Calculations used to adjust endpoint data from PURSUIT to reflect a parallel design RCT.

With regard to GLM 50 mg, the calculations are more challenging, given that data are not available for the number of patients not responding to GLM induction therapy. We therefore imputed the maintenance proportion in patients receiving a 54-week course of GLM 50 mg by multiplying the relative efficacy between the 2 GLM 100 mg groups (GLM induction therapy responders and non-responders) by the maintenance response of GLM 50 mg. The analysis takes into account that there will be a loss in precision due to assuming only one-third of induction therapy non-responders could have hypothetically been randomized to GLM 50 mg.

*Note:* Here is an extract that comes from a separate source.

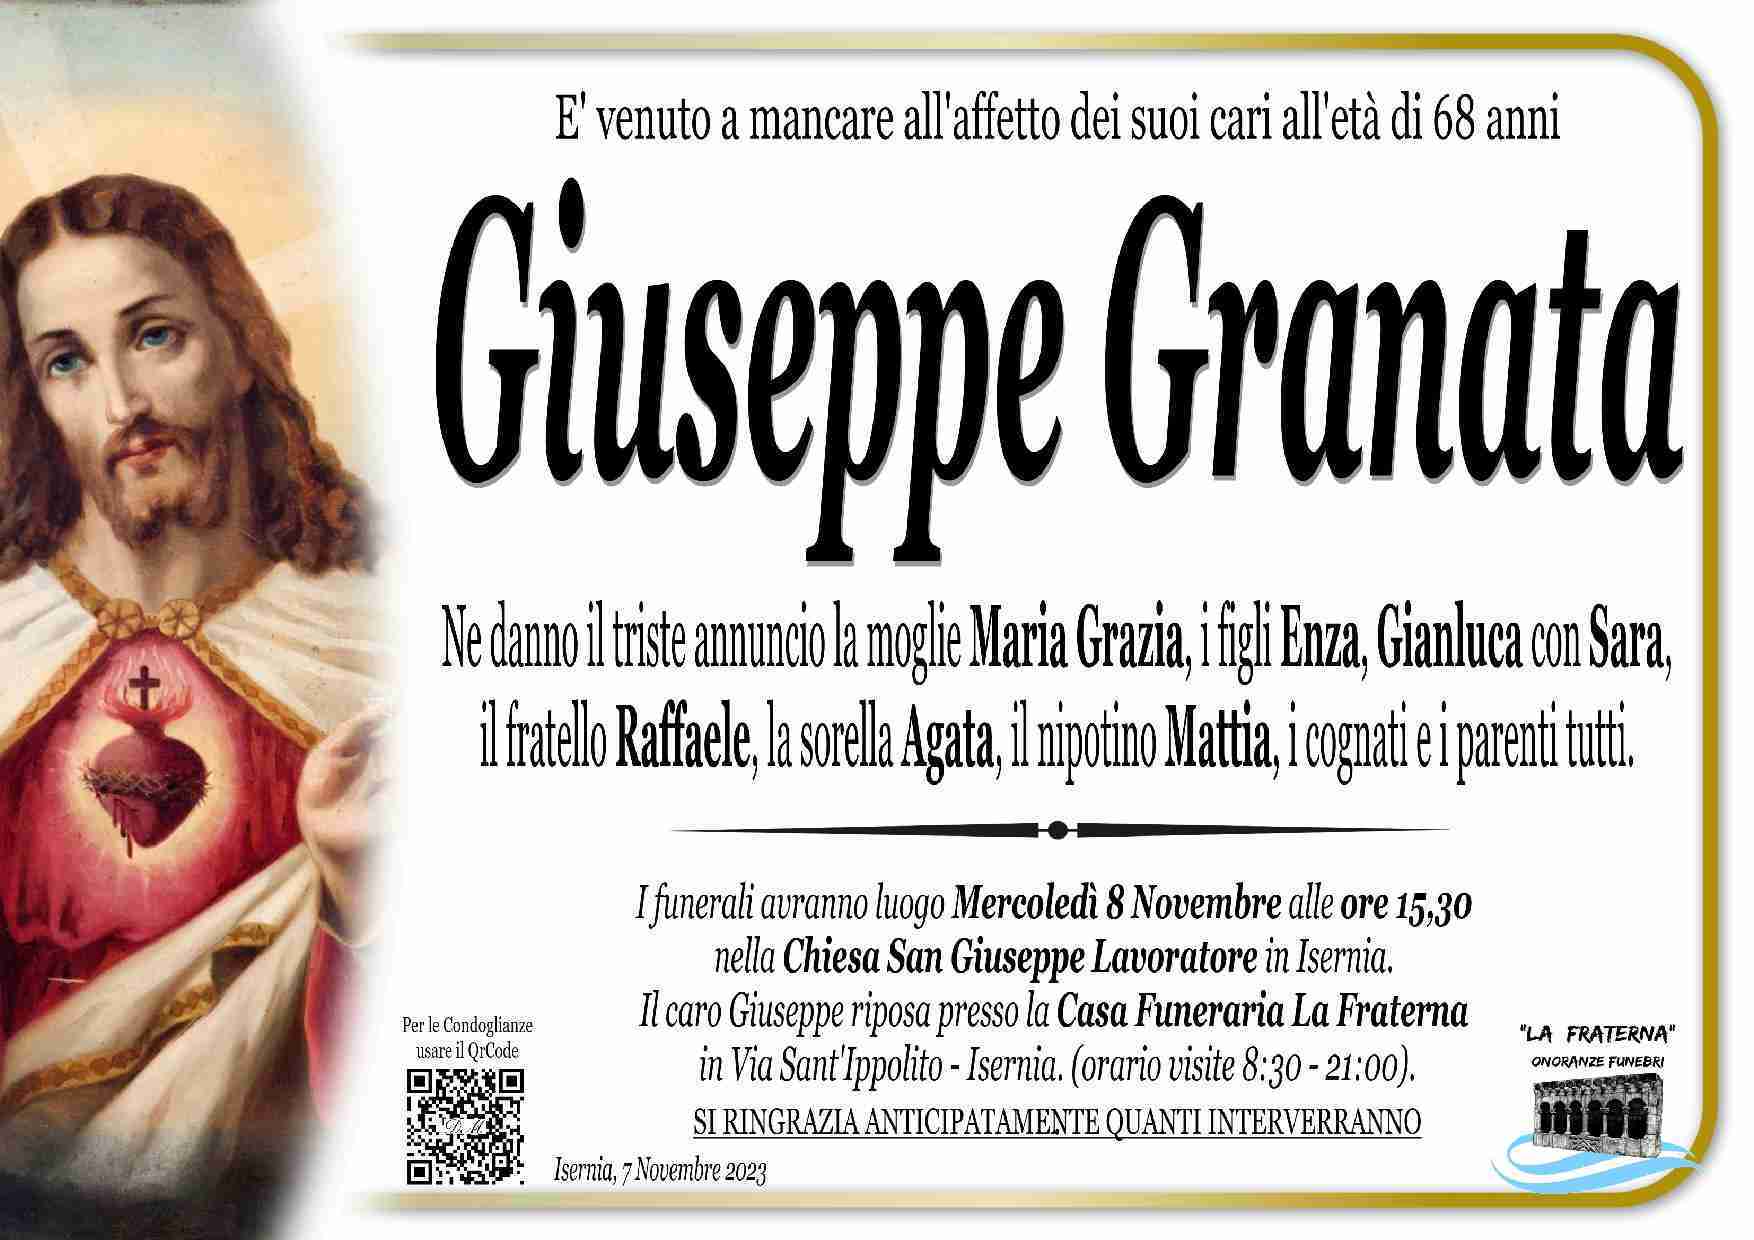 Giuseppe Granata

Maintenance data for placebo was not available, as, after 6 weeks, all placebo induction non-responders were assigned to GLM 100 mg for the maintenance phase. However, the proportion of responders to the placebo induction therapy that also responded at the end of maintenance was reported (R = 46). Because the total number of patients randomized to placebo initially was N = 407, this yields an “intention-to-treat (ITT)-like” placebo proportion of responders of 11.3% (46/407), if we consider the non-responders receiving GLM 100 mg for maintenance therapy as dropouts. However, the assumption that all patients switching to GLM 100 mg would have dropped out had they not switched is likely too strong, and thus likely underestimates the placebo maintenance response. To lessen this downward bias, we combined the “ITT-like” observed proportion of maintenance responders with evidence from external sources—the ACT-1 and ULTRA-2 trials.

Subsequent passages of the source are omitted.